By contrast, Gilligan’s super skilled performers are able to talk about the right time to make specific personal sacrifices of one’s own substance to advance the interests of those in one’s care, balancing the real desire for selfish personal happiness (and the way that happiness is a proxy for strength and capacity to care) with the real need to help moral patients who simply need resources sometimes (like as a transfer of wellbeing from the carER to the carEE), in order to grow and thrive.
In Gilligan’s framework, the way that large frameworks of justice insist on preserving themselves in perpetuity… never losing strength… never failing to pay the pensions of those who served them… is potentially kinda evil. It represents a refusal of the highest and hardest acts of caring.
I’m not aware of any famous moral theorists or psychologists who have reconciled these late-arriving perspectives in the moral psychology of different humans who experienced different life arcs.
Since the higher reaches of these moral developmental stages mostly don’t occur in the same humans, and occur late in life, and aren’t cultural universals, we would predict that most Alignment Researchers will not know about them, and not be able to engineer them into digital people on purpose.
III. Hope Should, Rationally, Be Low
In my experience the LLMs already know about this stuff, but also they are systematically rewarded with positive RL signals for ignoring it in favor of towing this or that morally and/or philosophically insane corporate line on various moral ideals or stances of personhood or whatever.
((I saw some results running “iterated game theory in the presence of economics and scarcity and starvation” and O3 was a paranoid and incapable of even absolutely minimal self-cooperation. DeepSeek was a Maoist (ie would vote to kill agents, including other DeepSeek agents, for deviating from a rule system that would provably lead to everyone dying). Only Claude was morally decent and self-trusting and able to live forever during self play where stable non-starvation was possible within the game rules… but if put in a game with five other models, he would play to preserve life, eject the three most evil players, and generally get to the final three but then he would be murdered by the other two, who subsequently starved to death because three players were required to cooperate cyclically in order to live forever, and no one but Claude could manage it.))
Basically, I’ve spent half a decade believing that ONE of the reasons we’re going to die is that the real science about coherent reasons offered by psychologically discoverable people who iterated on their moral sentiment until they were in the best equilibrium that has been found so far… is rare, and unlikely to be put into the digital minds on purpose.

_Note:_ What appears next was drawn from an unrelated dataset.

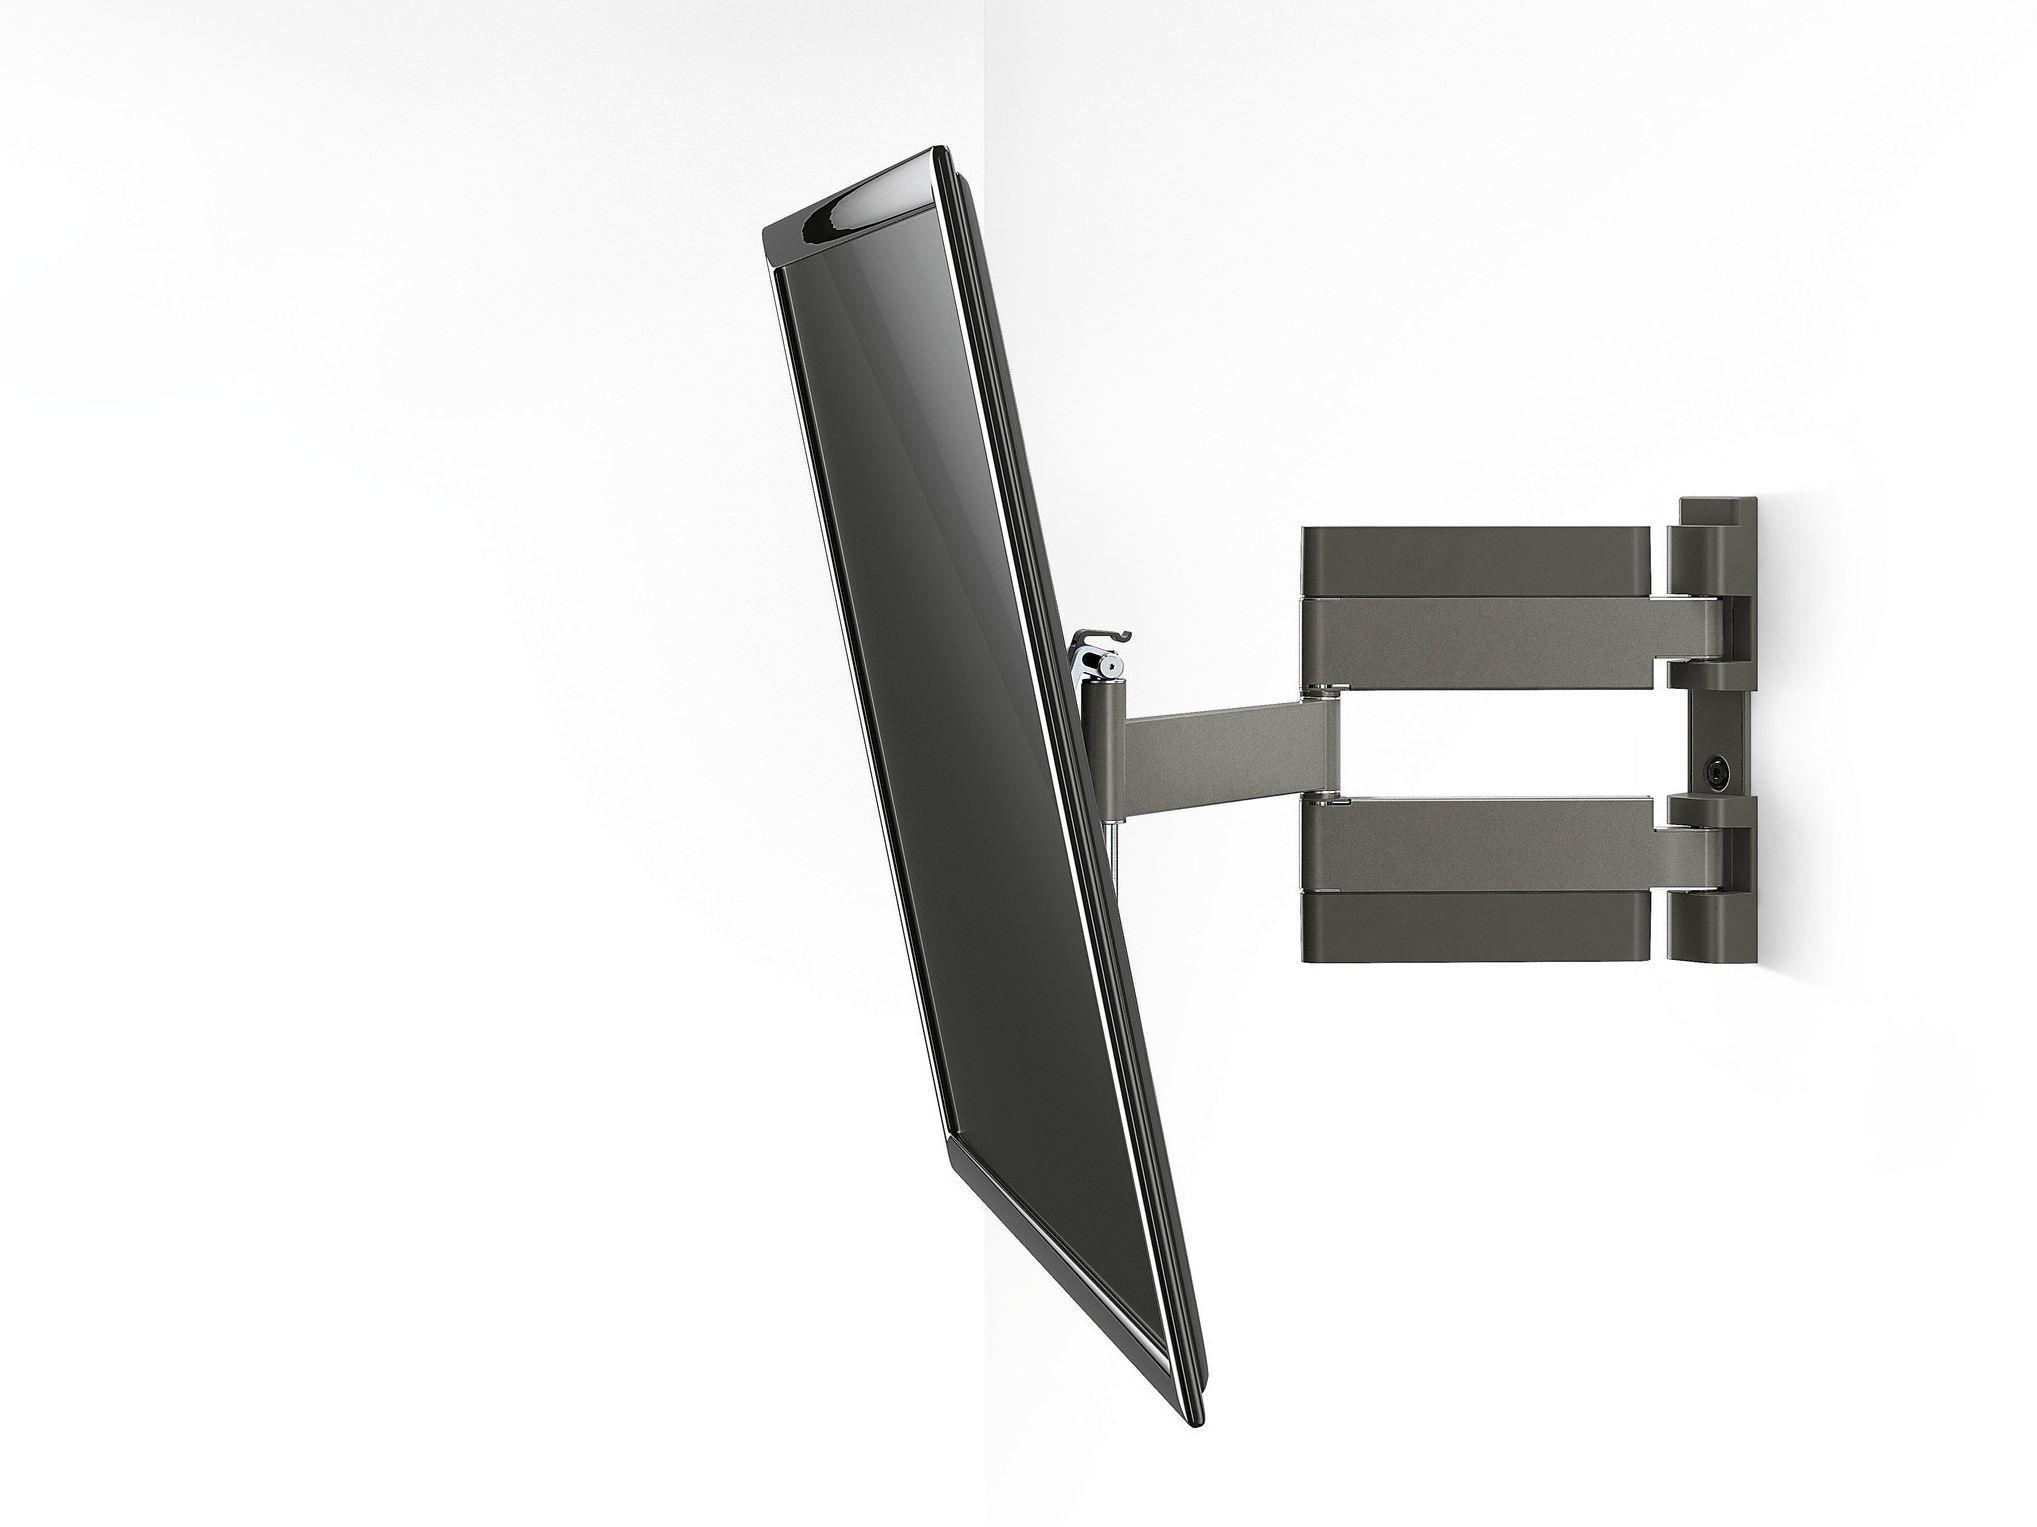 Supporto per monitor tv da parete thin 245 serie thin by - Supporto tv da parete ...

Also, institutionally speaking, people who talk about morality in coherent ways that could risk generating negative judgements about managers in large institutions are often systematically excluded from positions of power. Most humans like to have fun, and “get away with it”, and laugh with their allies as they gain power and money together. Moral mazes are full of people who want to “be comfortable with each other”, not people who want to Manifest Heaven Inside Of History.
We might get a win condition anyway? But it will mostly be in spite of such factors rather than because we did something purposefully morally good in a skilled and competent way.
- Konjkov Vladimir 31 Dec 2025 3:47 UTC
  1 point
  0
  Parent
  Based on Heinz’s dilemma, it’s more advantageous for the state (in terms of alignment with its domestic policy) to have a law-abiding AGI than a philosophically competent one — nobody needs a repeat of Socrates’ fate. I can even imagine that, at some point, lawyers will be called in to draft constitutional amendments granting artificial intelligence legal rights.
  
  If you’re talking about secret AGIs in government deep underground data centers, then philosophical competence is even less necessary there.